Monkeypox: what are its symptoms and how does it spread?


Monkeypox is transmitted to humans through close contact with an infected person or animal, or with material contaminated with the virus. It's thought to be spread by rodents such as rats, mice and squirrels, WHO said.

In a world grappling with Covid, the emergence of a rare contagion has scientists worried - monkeypox. Although there are no infections in India yet, cases have been reported from Britain, Italy, Portugal, Spain, Sweden and the US. And Canada, Australia as well as France are investigating potential infections of the disease that can have a fatality rate of 10 per cent. In total, more than 100 suspected and confirmed cases have been reported.

WHAT IS MONKEYPOX?

Monkeypox is a rare viral infection similar to human smallpox. It was first discovered in 1958 in monkeys kept for research. The first human case of monkeypox was recorded in 1970. The disease occurs primarily in tropical rainforest areas of Central and West Africa and is occasionally exported to other regions.

“Monkeypox is a rare zoonotic disease that is caused by infection with monkeypox virus. Monkeypox virus belongs to the family Poxviridae, which also includes the viruses causing smallpox and cowpox disease,” said Dr Monalisa Sahu, consultant, Infectious Diseases, in Hyderabad's Yashoda Hospitals.

“Cases of monkeypox have been reported outside Africa, in US, Europe, Singapore, UK, and these cases have been linked to international travel and import of monkeys harbouring the disease,” Sahu told PTI.

SYMPTOMS

According to the World Health Organization (WHO), monkeypox typically presents itself with fever, rash and swollen lymph nodes and may lead to a range of medical complications. The disease is usually self-limiting with the symptoms lasting from two to four weeks. Severe cases can occur. In recent times, the case fatality ratio has been around 3-6 per cent but can be up to 10 per cent. There are no reported deaths in this current spread.

TRANSMISSION

Monkeypox is transmitted to humans through close contact with an infected person or animal, or with material contaminated with the virus. It's thought to be spread by rodents such as rats, mice and squirrels, WHO said.

The disease is transmitted through lesions, body fluids, respiratory droplets and contaminated materials such as bedding. The virus is less contagious than smallpox and causes less severe illness, it said.

Health officials have noted some of these infections may be transmitted through sexual contact. The WHO said it was also investigating many cases being of people identifying as gay or bisexual.

“The natural reservoir of monkeypox remains unknown, although African rodents and non-human primates (like monkeys) can harbour the virus and infect people, causing the disease,” said Sahu.

INCUBATION

The incubation period or interval from infection to onset of symptoms of monkeypox is usually from six to 13 days but can range from five to 21 days, according to WHO.

“In Africa, monkeypox has been shown to cause death in as many as one in 10 persons who contract the disease,” Sahu said.

TREATMENT

Vaccines used during the smallpox eradication programme also provided protection against monkeypox. Newer vaccines have been developed of which one has been approved for prevention of the disease. An antiviral agent developed for the treatment of smallpox has also been licensed for the treatment of monkeypox, according to the global health body.

Vetarinarian Gaurav Sharma said studies are needed to better understand the risk.

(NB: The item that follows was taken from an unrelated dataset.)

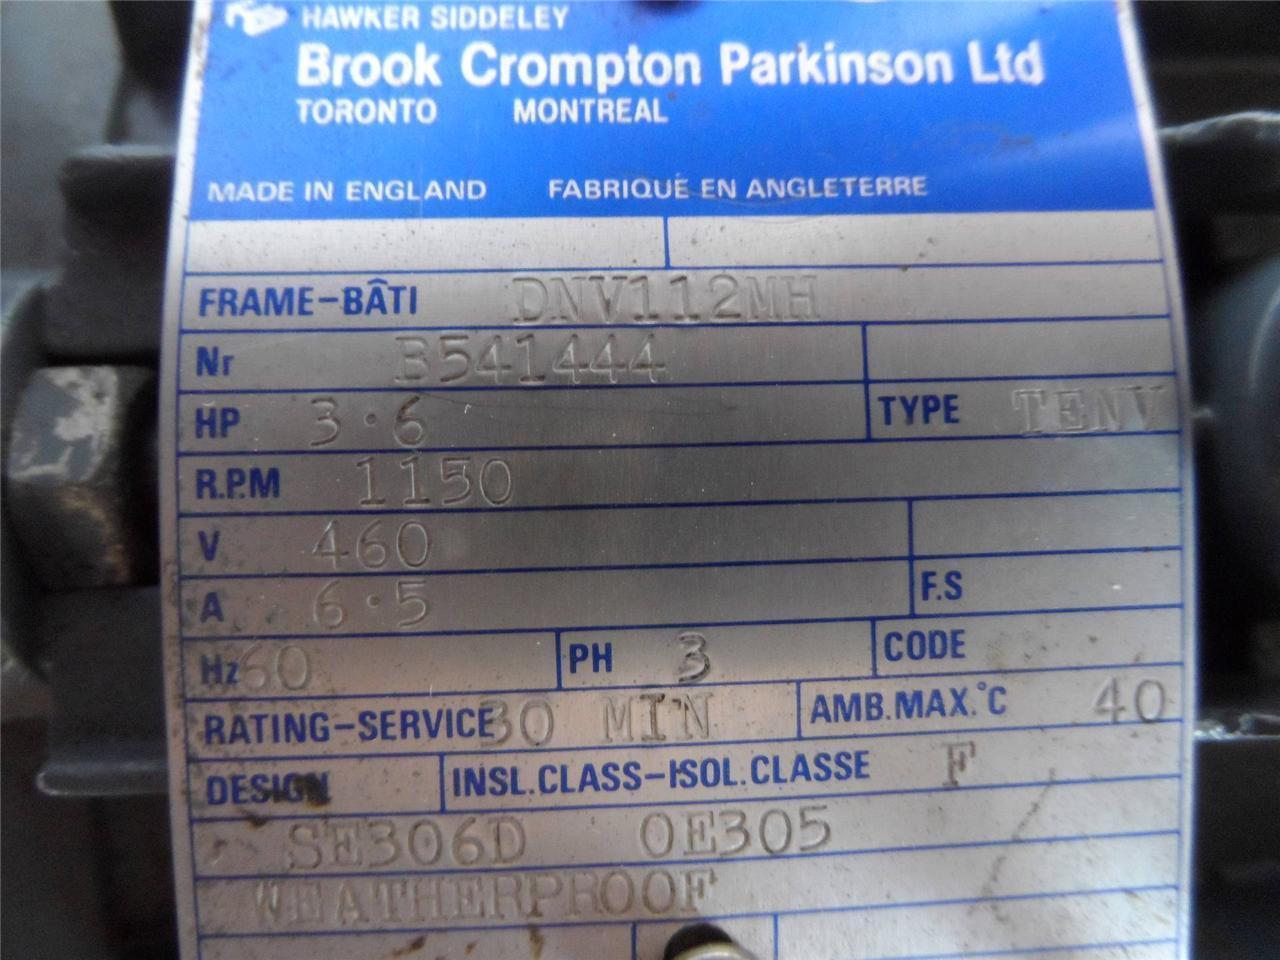 Hawker Siddeley 3.6HP, 460V, 3Ph Motor 1150 RPM Brook Crompton Parkinson LTD.

"While close physical contact is a well-known risk factor for transmission, it is unclear at this time if monkeypox can be transmitted specifically through sexual transmission routes," Sharma, from the Centre for Animal Disease Research And Diagnosis (CADRAD), in Bareilly, Uttar Pradesh, told PTI.

"Considering the increased case fatality rates, and probable aerosol route of transmission, there is certain risk for India too," he said.

Sharma noted that studies are currently underway to further understand the epidemiology, sources of infection and transmission patterns.